Hanadama AKA Hana-Dama: The Origins (2014)
director: | Hisayasu Satô |
release-year: | 2014 |
genres: | horror, sexploitation |
countries: | Japan |
languages: | Japanese |
fests: | Sexploitation Horror Fest (2022) |
Abstract, supernatural Japanese sexpoloitation horror about some school children being victimized by bullies.
It starts off in a Japanese classroom, in some non-Tokyo mid-sized town, where the teacher is adjusting her breasts indiscreetly, one kid is drawing breasts, and one is taking upskirt photos.
The protagonist is locked in a locker. Some pee runs out of the bottom of the locker. The class motto is "Be Nice, Don't Bully", so unsurprisingly they are all bullies.
Except one, Kirie, who awkwardly follows Mizuki, the protagonist, home after school. Kirie forces her into an unwanted friendship, and introduces her to a boy. They drink "tropical fruit milk."
Mizuki stubs cigarettes out on her thighs to deal with stress. It cuts to a throbbing, bloody, brain-like thing with a hole as she does this, and then cuts to a spiked flower. These show up every time something particularly emotionally painful happens.
Mizuki's mother is very concerned about the neighbors, and paranoid that they're conspiring against her. She seems to have a lot of trouble getting the trash people to take their trash bags. She yells, "I'm going insane!", so at least there's no confusion. She's a pretty shallow caricature of the frustrated mother losing her grip on reality.
The plot develops extremely slowly, repeating the same minimal character development several times: the girls are bullied, the mom is crazy, Mizuki had an abortion. Rinse and repeat. Some movies on bullying, like Låt den rätte komma in, use repetition as an effective method to build the suspense. This film does not.
Most scenes are shot indoors in broad daylight, with the windows in the background blown out to solid white. There is no background music, except during abstract throbbing brain scenes, so much of the film is silent with just the sounds of footsteps and scraping fabric. It has a very amateur feeling, though the actual framing and scene transitions are decent.

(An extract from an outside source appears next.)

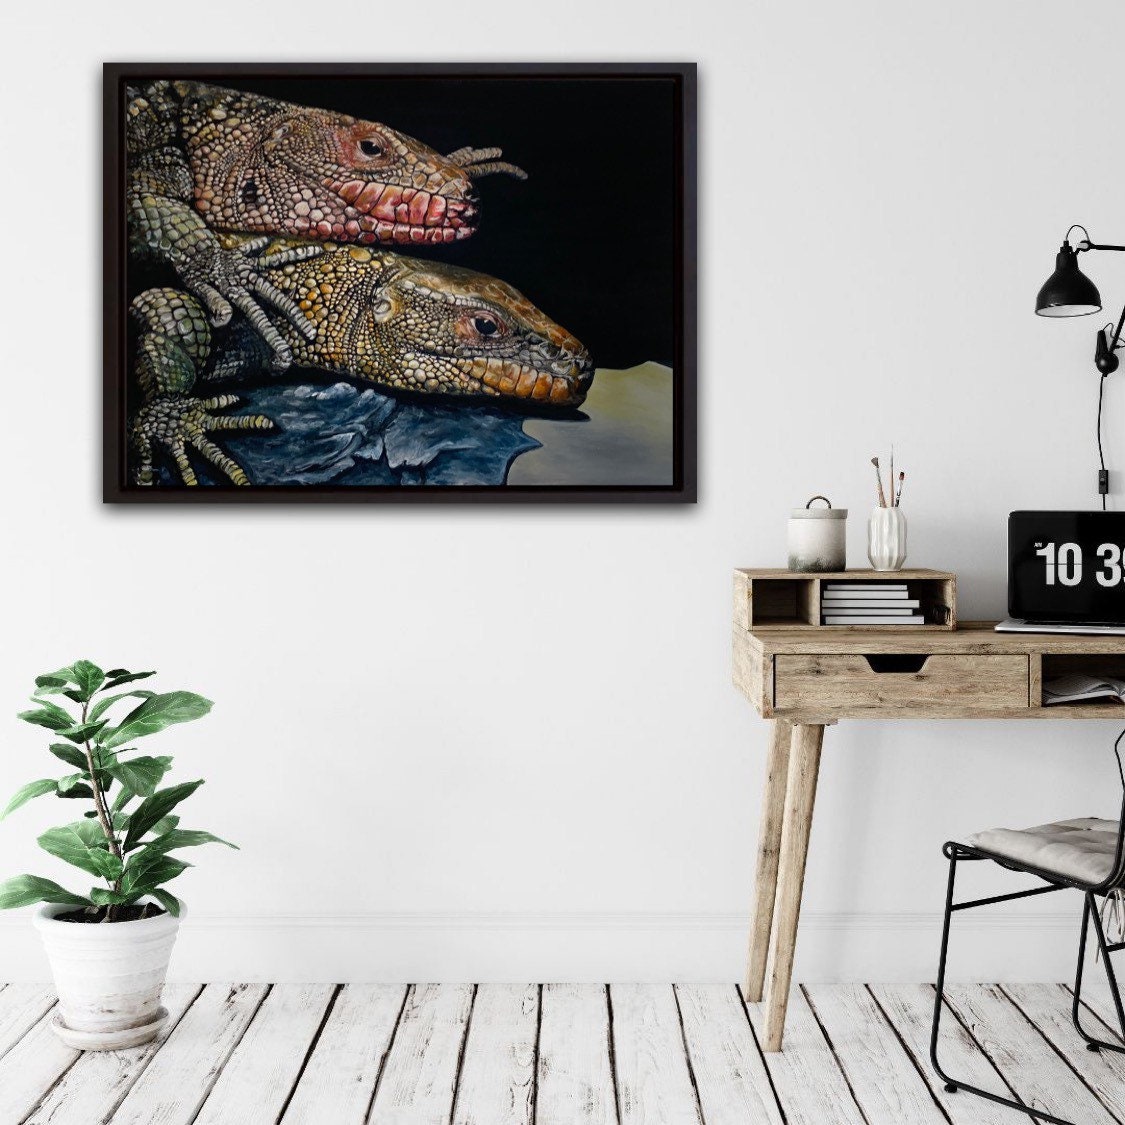 Caiman Lizards atop each other Reptile Oil Painting Large | Etsy

The mother's insanity does provide a nice opportunity to introduce some comedic elements. The mother and father speak to each other across the tiny kitchen table using a cup-and-string telephone. That is mildly entertaining, which is as entertaining as it gets.
It escalates weirdly, as the students anally rape Mizuki with the handle of a knife, and then, for some reason not really fitting with the plot, some teachers kidnap and rape Kirie.
Kirie commits suicide, possibly not on purpose, in the one scene where a perfectly silent soundtrack is a nice touch.
Then a soundtrack starts! Mizuki finds the spiked flower in an alley, it teleports so it is growing out of her head, and then she is naked inside of it. There is some sort of artificial film grain on this scene, and nice guitar-and-industrial-noise music that we should have had all along.
She shows up at school with the flower on her head, glowing faintly red. The other kids can see it, so it's not just crazy hallucinations. Now Mizuki is the head bully and all of the girls back her up to lock the former head bully in the locker. Alas, it's long and slow and awkward, and misses the mark on feeling like any sort of satisfactory climax.
The flower power somehow drives the bully to commit suicide while Mizuki stands around doing nothing.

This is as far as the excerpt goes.